Hacker News new | ask | show | jobs
by puzzle 2928 days ago
Were the system pods using all that memory or just reserving it? It's not straightforward to scale them, because the node might run just your tiny Rust server or 20 high traffic web apps. You don't want the log agent to keel over just because of the latter. GKE and many other Kubernetes deployments use something called addon-resizer to determine CPU and RAM given to cluster services. The problem is that, typically, it scales based on node count and the settings are usually conservative on the lower end, i.e. your case of a single node. I think it assumes clusters are all at least 10/15 nodes. On a test cluster, I see the metrics server using only 16MB of RAM, but it requests 104MB. Ironically, the autoscaling nanny in the same pod uses another 8MB.

This is a known issue that is not easy to solve in the general case. I think Tim Hockin ran a conversation about how to autoscale on the very low end at last year's Kubecon, with people like you in mind. The other use case he brought up is how to set up services in a Minikube cluster that might be running in a 2GB VM.

1 comments

> Were the system pods using all that memory or just reserving it?

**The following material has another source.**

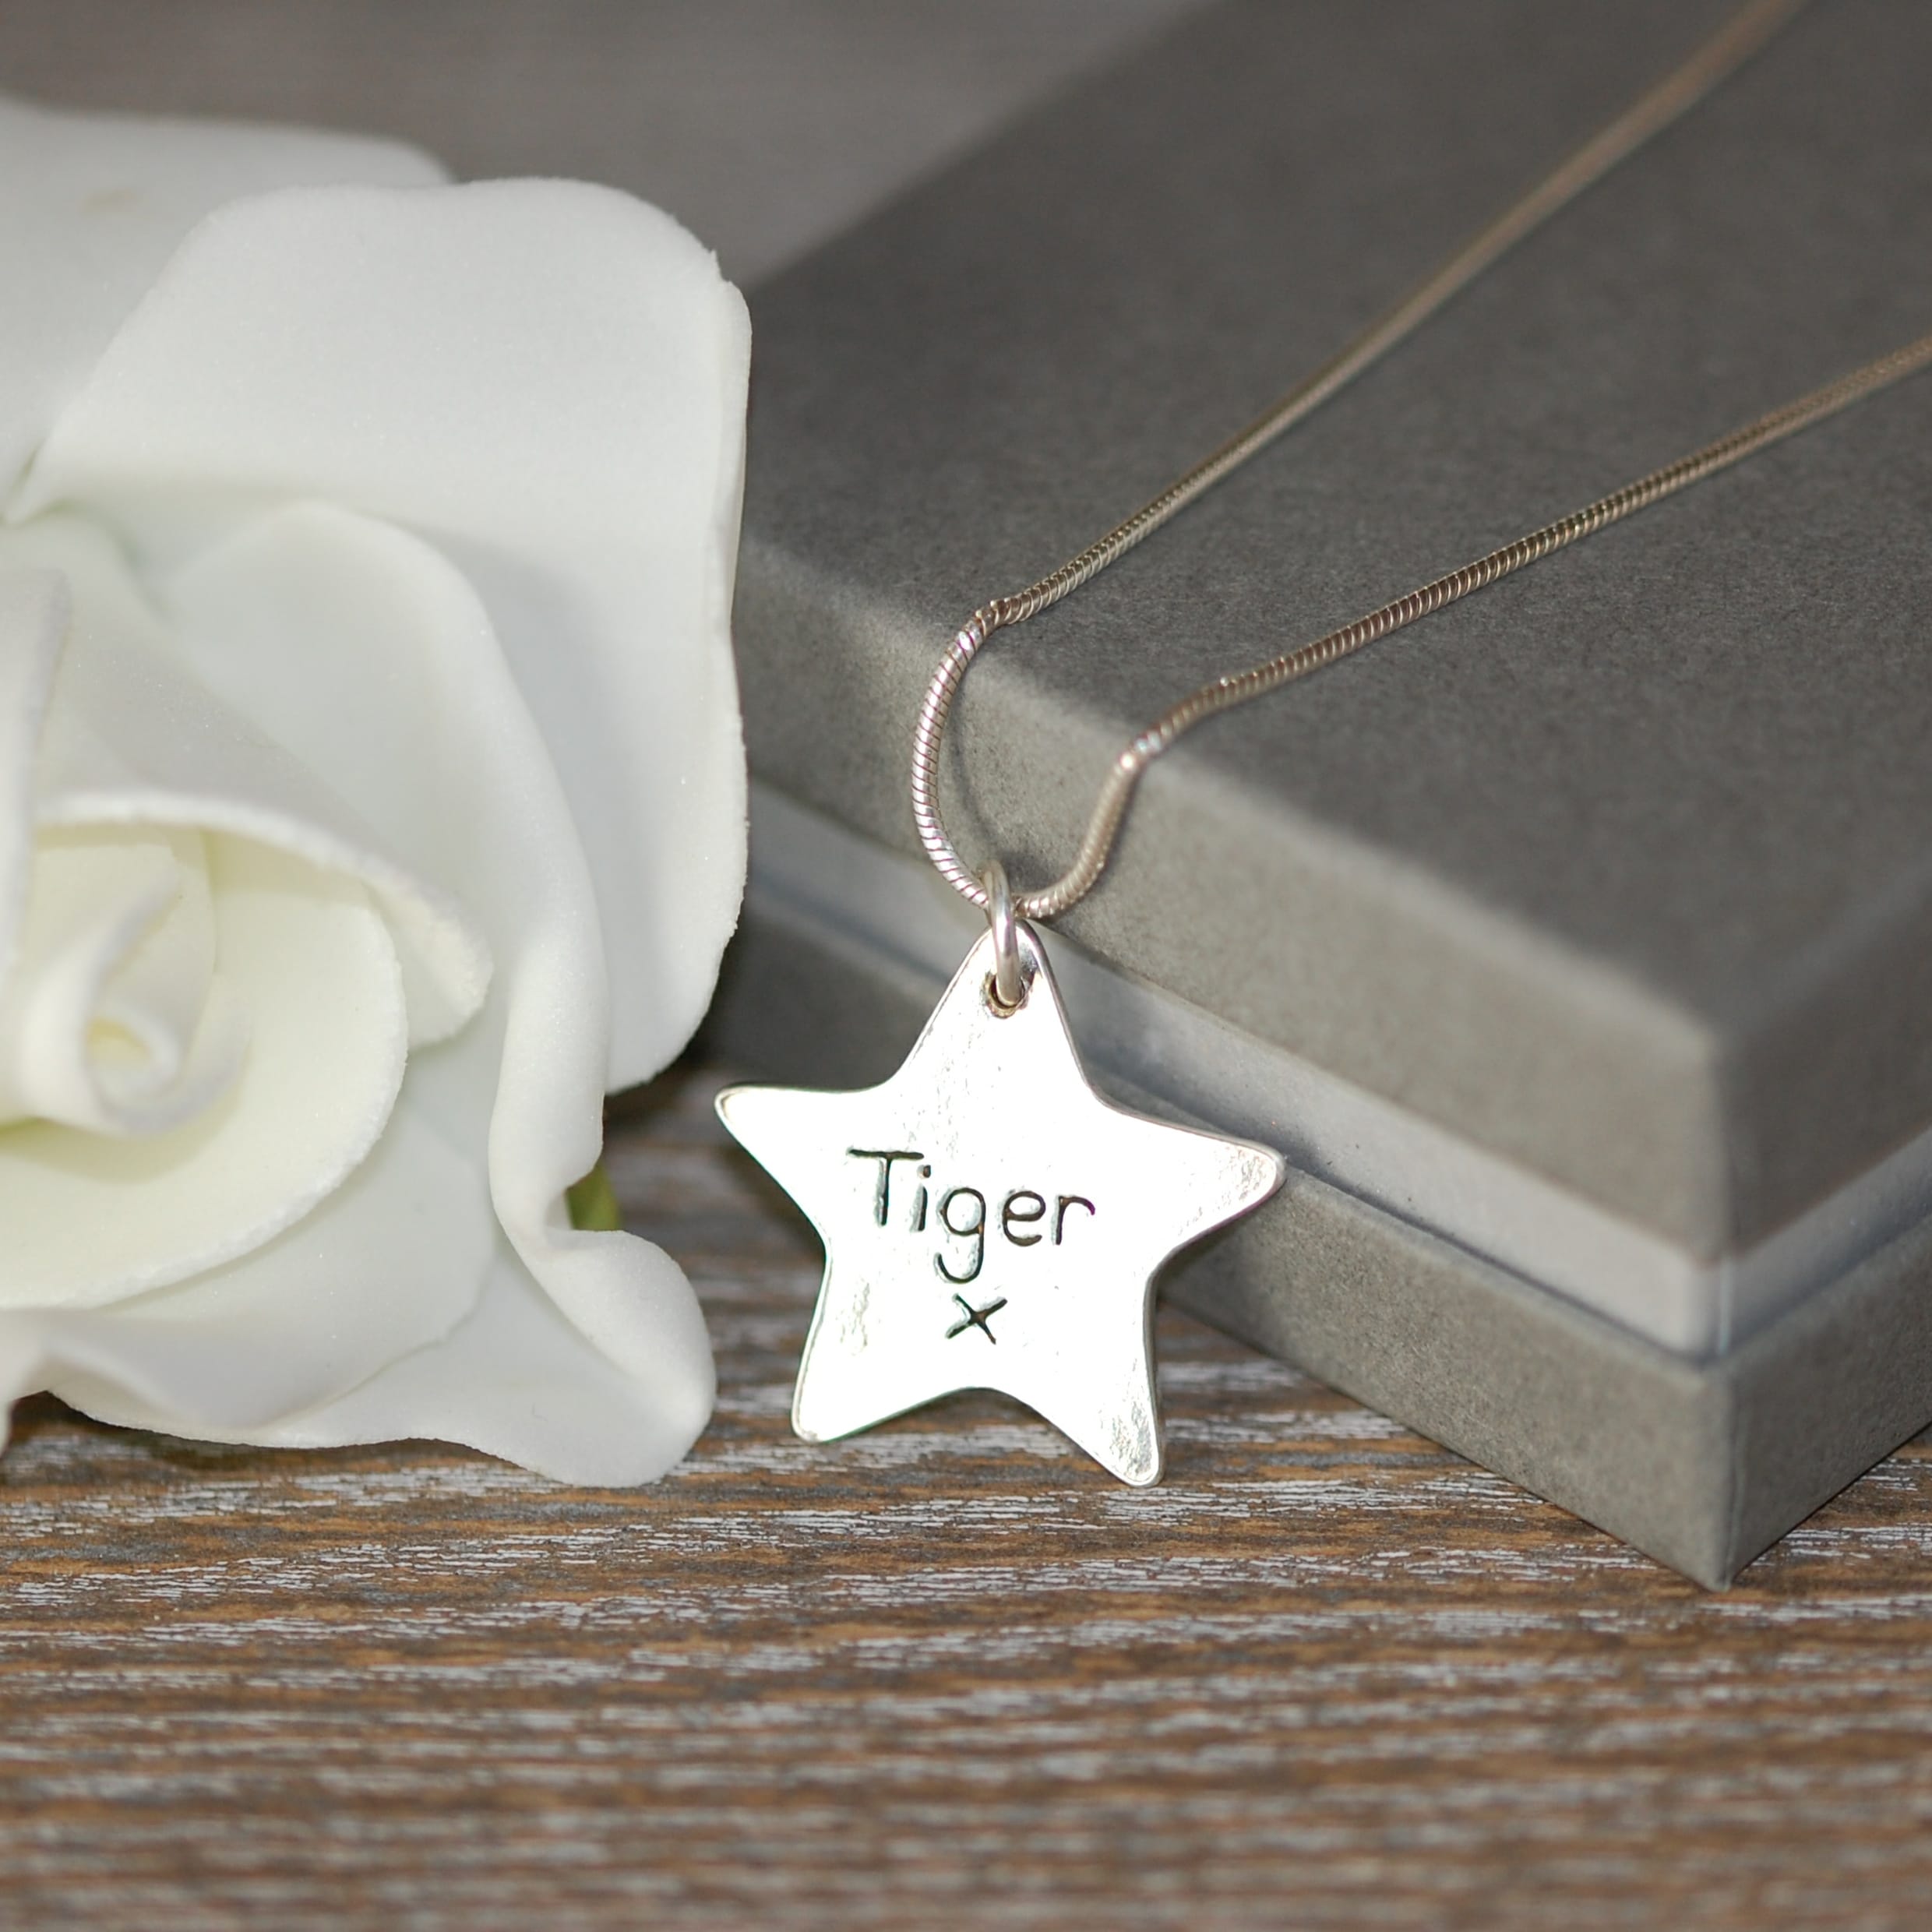 Inscription on the back of raised paw print charm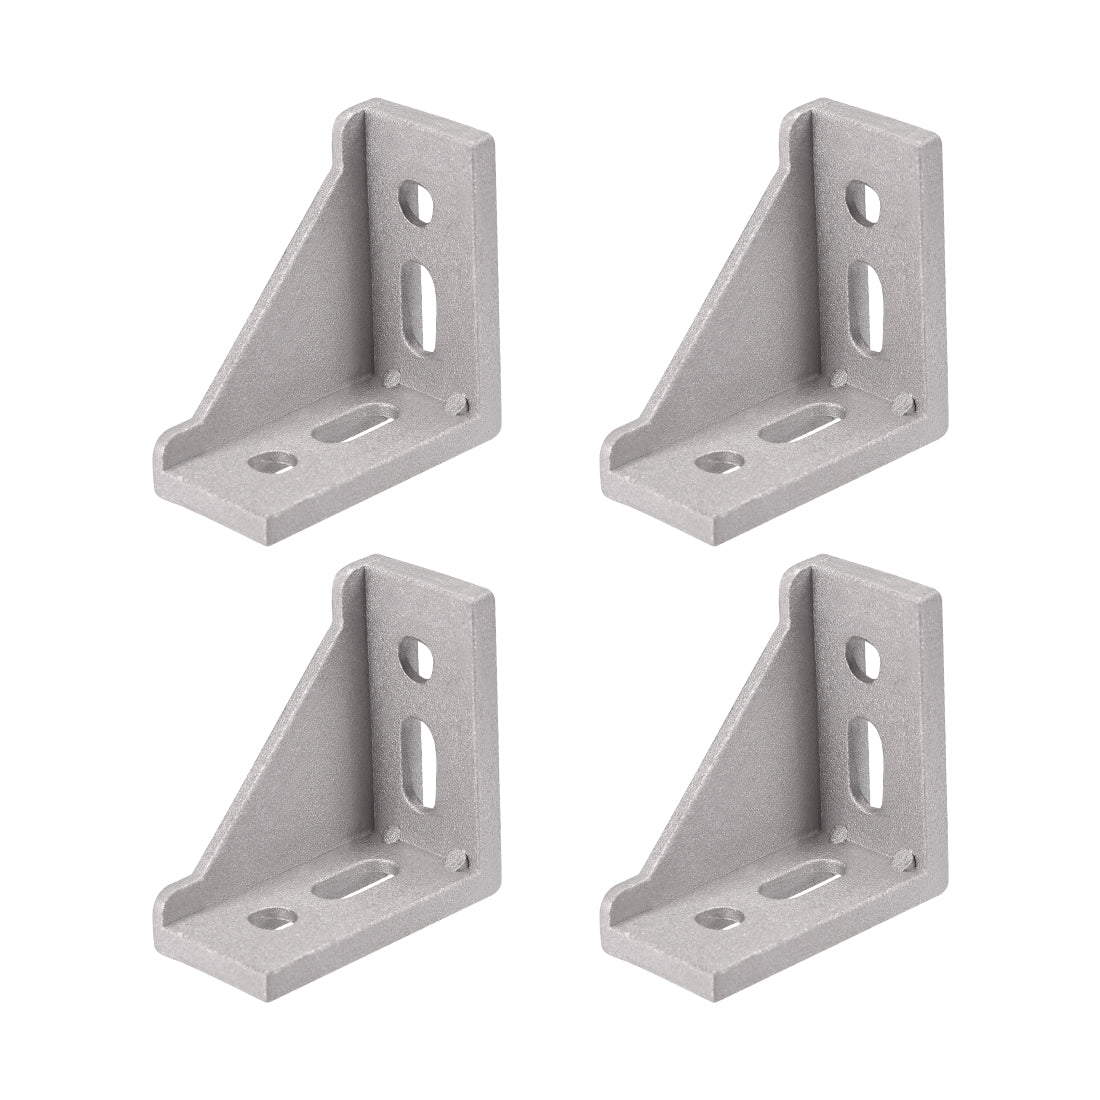 uxcell Uxcell Inside Corner Bracket Gusset, 60mm x 60mm for 3030 Series Aluminum Extrusion Profile with Slot 8mm, 4 Pcs (Silver)

700MB was the sum of all the requested minimum RAM for all those service pods. So yeah, you're probably right that they're ceilings of sorts. Still it's a bit crazy to see a logging service, who's job is merely to haul logs off to a different server, requesting 200MB.

I'm also bewildered by Container Optimized OS's memory consumption. IIRC it was 500MB+ bare; doing nothing. As reported by top. I forget which, but I stood up either Debian Stretch or Ubuntu 18.04 and it was only ~200MB with Docker installed.

The logging service numbers are easily explained: the remote server might have transient failures, so the forwarder will cache stuff in memory (the alternative is to just stop reading the logs, but then you risk losing messages if the pod dies in the meantime). You complained about Go, but it doesn't help that the fluentd agent is written in Ruby. There's a new Go rewrite of it, but I don't think GKE or others use it yet.

Was COS a standalone GCE instance or GKE? In the latter case, memory will be used by the usual suspects: fluentd, kubelet, kube-proxy, docker, node-problem-detector. For both, there are also a few Google daemons in Python (ugh).